Proteins are the most important class of molecules in a cell. Most proteins function by interacting with other molecules, especially other proteins. The interactions among proteins are highly regulated and tightly conserved throughout evolution, [1, 2] mainly because unnecessary or unsatisfactory interaction (misinteraction) triggered by random mutations can lead to molecular dysfunction. Therefore, interaction interface regions are under pressure from natural selection and are more conserved [3] compared to other exposed non-interface regions of proteins. Protein “structural interactomics” to map all the protein domain interactions is becoming increasingly important as more complete genome sequences are made available [4–7]. Now scientists can map the whole human interactome bioinformatically [8], using ever-increasing experimental data coming from methods such as yeast two-hybrid analysis. Consequently, a higher resolution molecular interaction analysis is also becoming more important.
Since the 1970s, there has been much effort to determine the principles of protein-protein recognition. Pioneers in the field of protein-protein interaction, such as Chothia and Janin [9], have studied the physical and chemical properties of protein interaction sites that contribute to the recognition processes. Colman et al. [10, 11] focused on electrostatic and shape complementarity of interaction interfaces using EC (Electrostatic Complementarity) and shape correlation index, respectively. Argos [12] studied interfaces between protein subunits or protein domains. He not only investigated the physicochemical properties of protein interfaces, but also tried to understand the geometric features of protein interfaces using a spline function [13, 14]. Jones and Thornton [15] introduced a surface patch method to find out the parameters that contribute to the process of protein-protein interaction. Chakrabarti and Janin [16, 17] investigated the structure of interface region by dissecting it into core and rim based on different solvent accessibility. They also addressed the chemical properties of each region.
Recently, there has been a new trend in the study of protein interfaces. Several groups have introduced computational geometric and topology methods for the study of protein interfaces. Most importantly, the Voronoi diagram [18, 19, 23] has been used to study interfaces of protein complexes. As early as 1974, Richards [20, 21] first introduced the Voronoi diagram as an application for protein structure study, although not specifically as an interface analysis tool.
Despite all the efforts to unveil the underlying principles of protein-protein interaction for over 30 years, there has not been much progress at the fundamental level since the research by Chothia and Janin [9]. The interface data derived from different approaches are not well maintained or widely shared amongst scientists.

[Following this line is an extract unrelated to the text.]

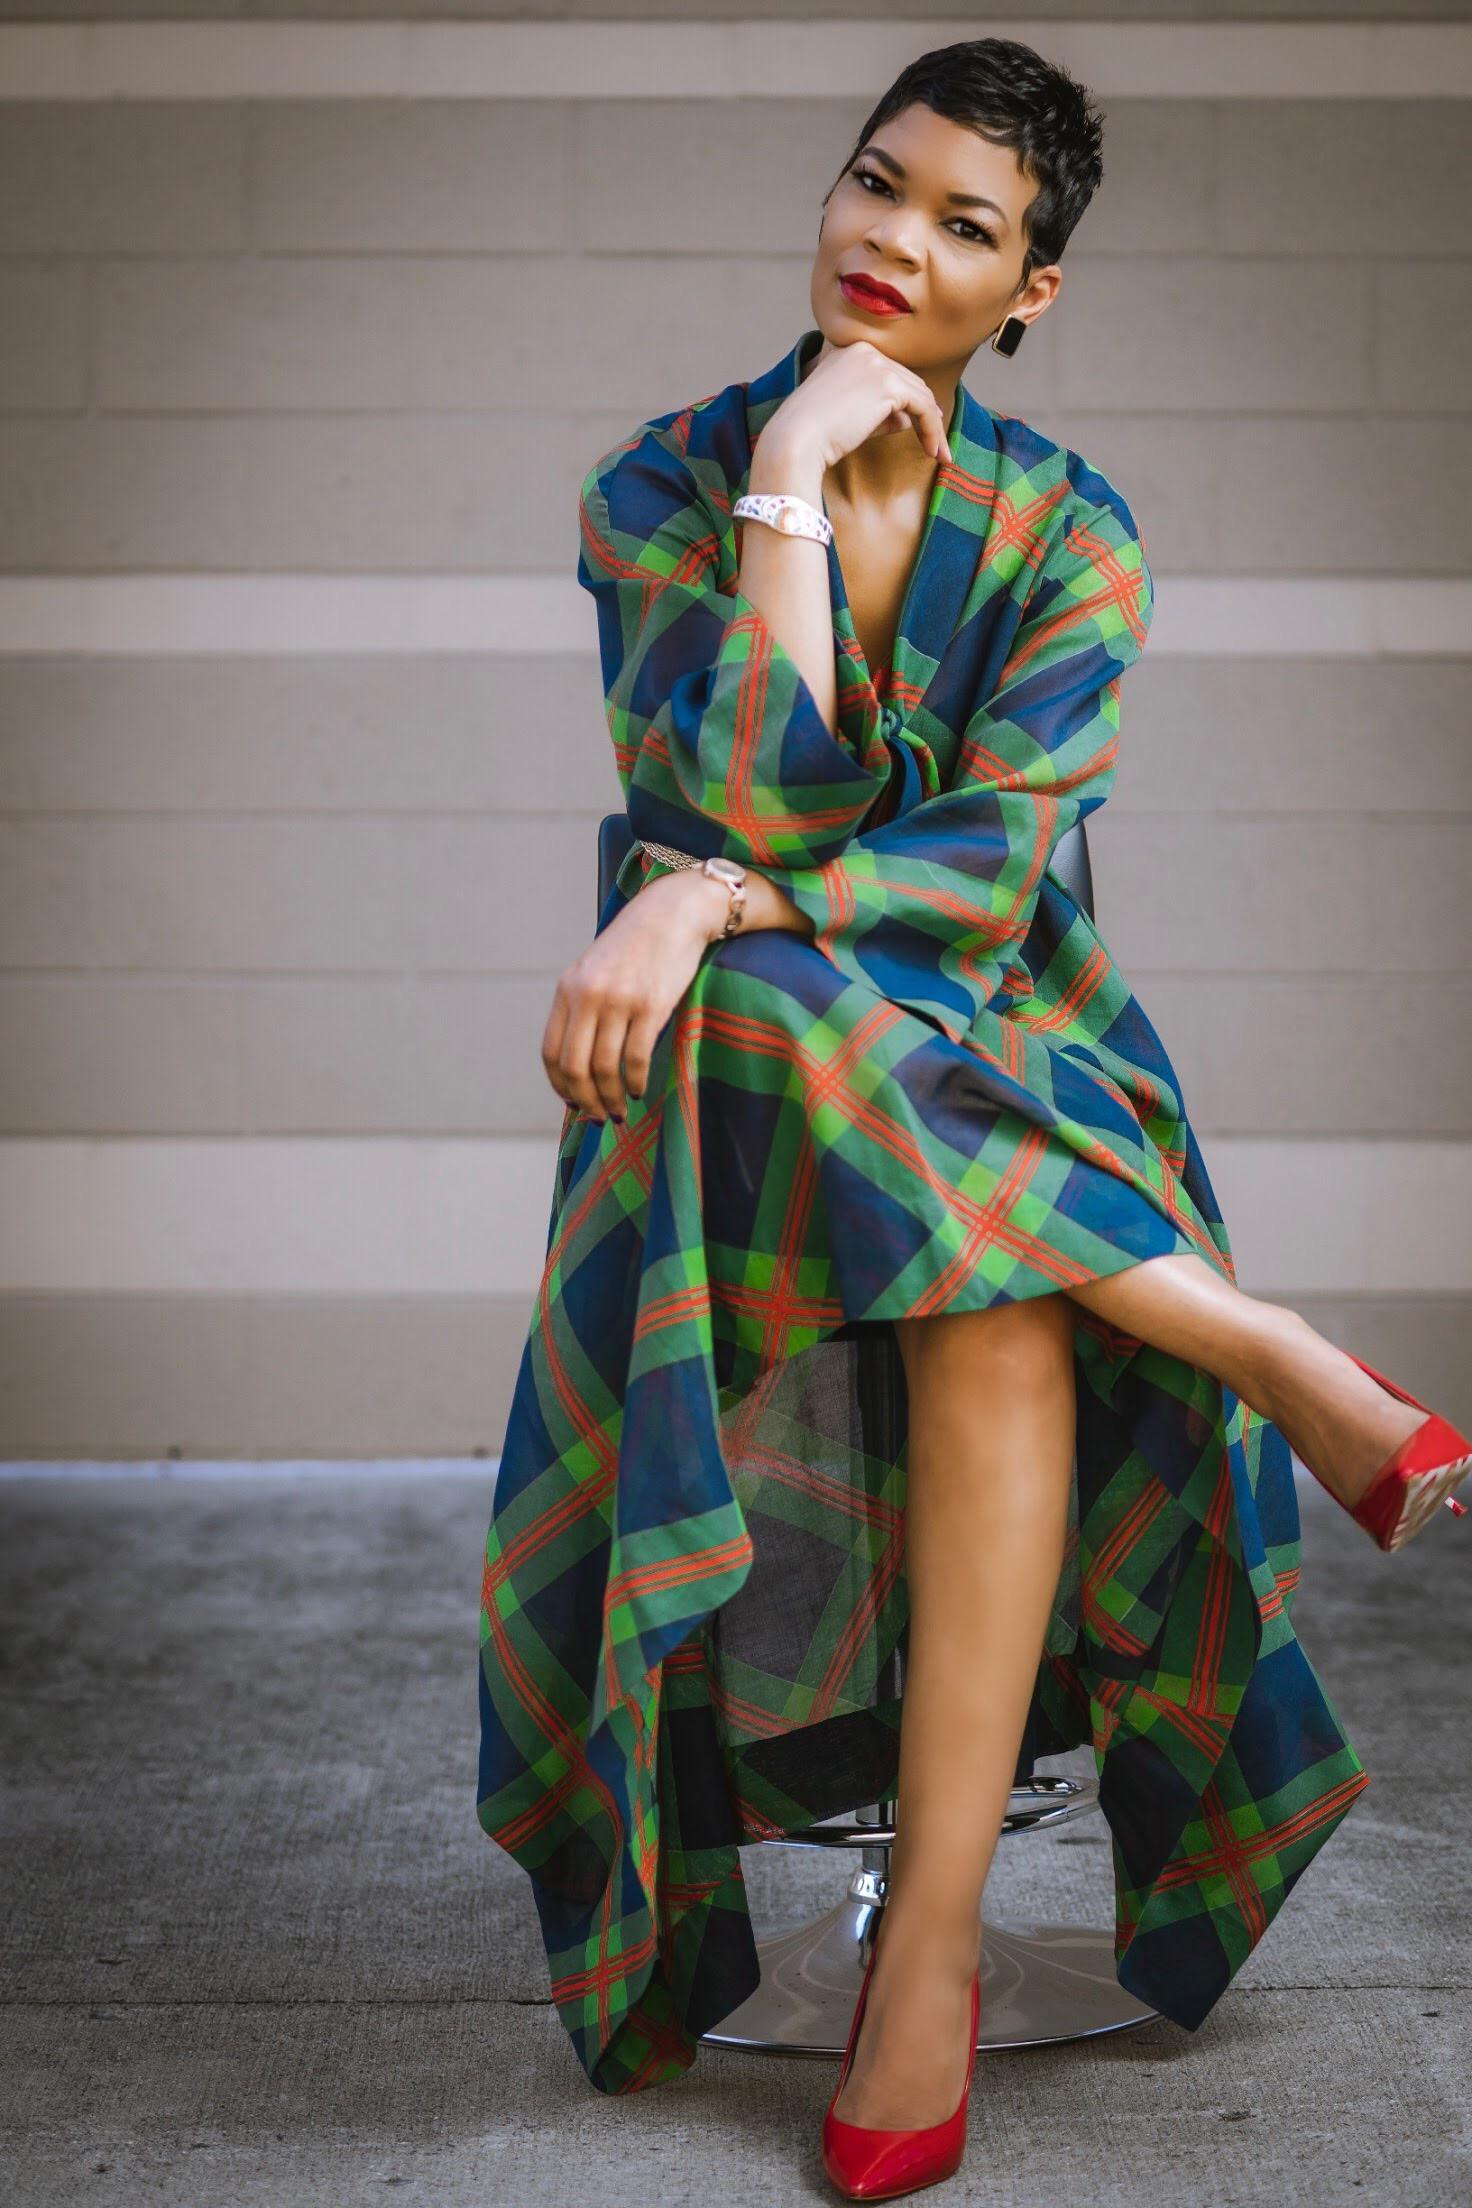 Credits:Photography Bluz Visuals. Dress Moon Bloem.

Fortunately, with the help of faster X-ray crystallography and NMR in structural biology, there has been an increase in the number of known three-dimensional protein structures. This 3D structure information is a good source of data for the study of protein interfaces.

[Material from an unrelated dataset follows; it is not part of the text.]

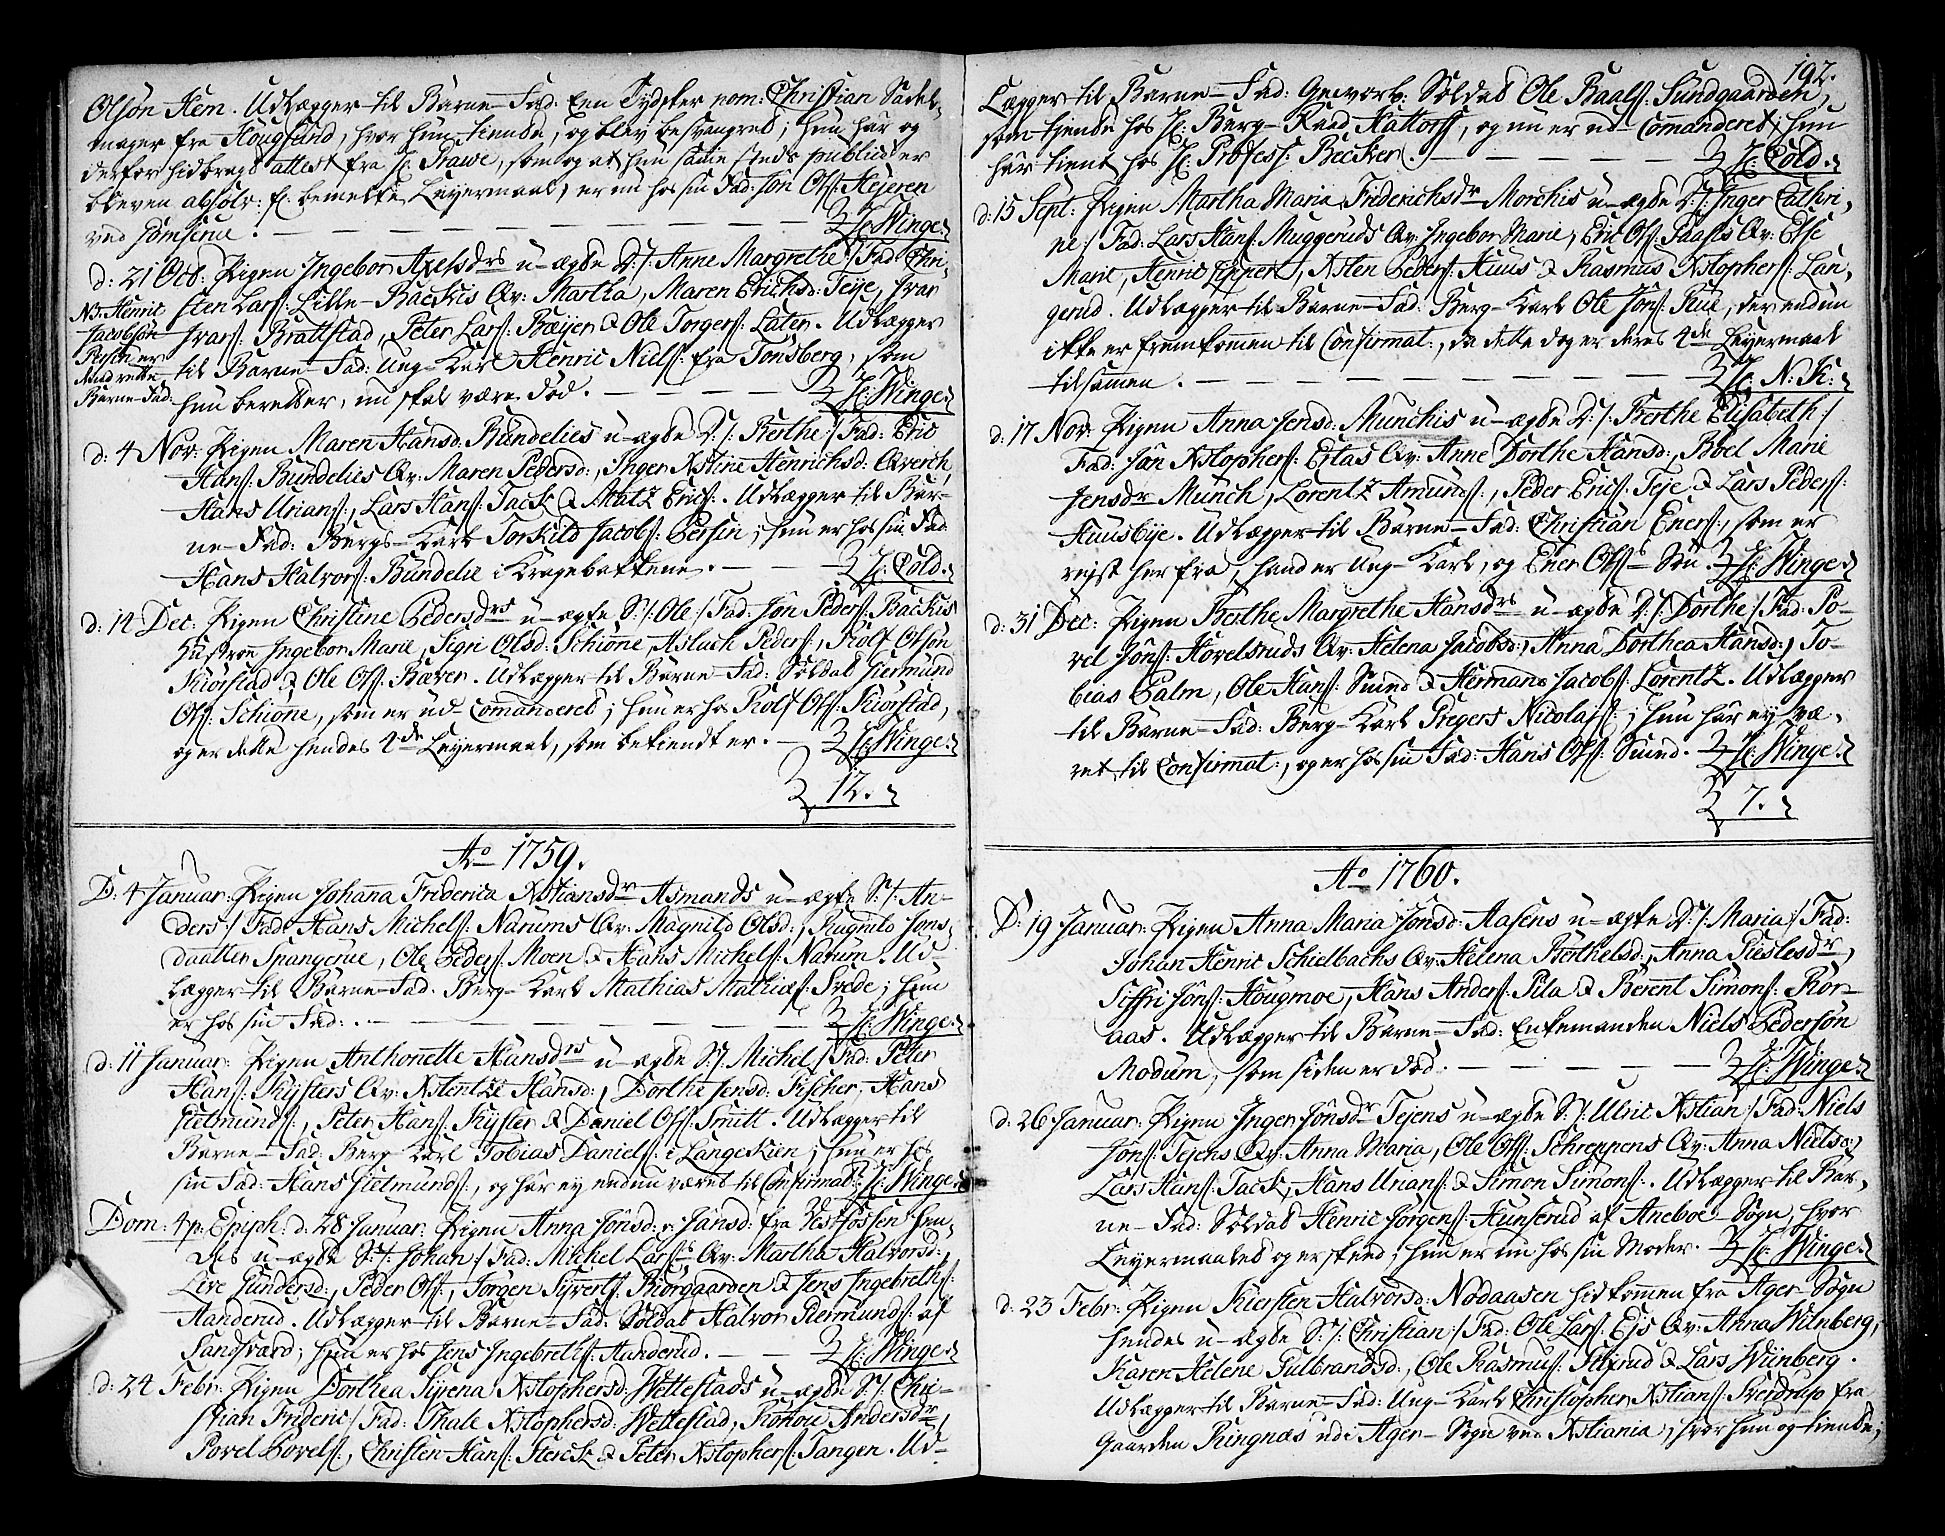 SAKO, Kongsberg kirkebøker, F/Fa/L0004: Ministerialbok nr. I 4, 1756-1768, s. 192

Here, we introduce a large-scale protein interaction interface database called InterPare (http://interpare.net or http://psimap.org). InterPare presents interfaces between protein domains identified by three methods. First, the interface is detected by calculating the geometric distance between subunits of multidomain proteins or protein complexes in the PDB [22, 27]. In the second approach, buried protein regions are identified by calculating the accessible surface area (ASA) when they form a complex or an aggregate with other subunits or domains. These buried regions can be accessible to water when they are in a free subunit or one domain state. Finally, interfaces are defined by a geometric and topological approach using the Voronoi diagram [18, 19, 23]. InterPare presents protein interfaces defined by the Voronoi diagram. The interface structure of queried proteins, in the context of the whole protein configuration, can be viewed with three different molecular viewers on the results page. They are the Chime [24], Jmol [25], and InterFacer [26]. InterPare also provides the atomic coordinate files for protein surface, interior, and interface for further analysis.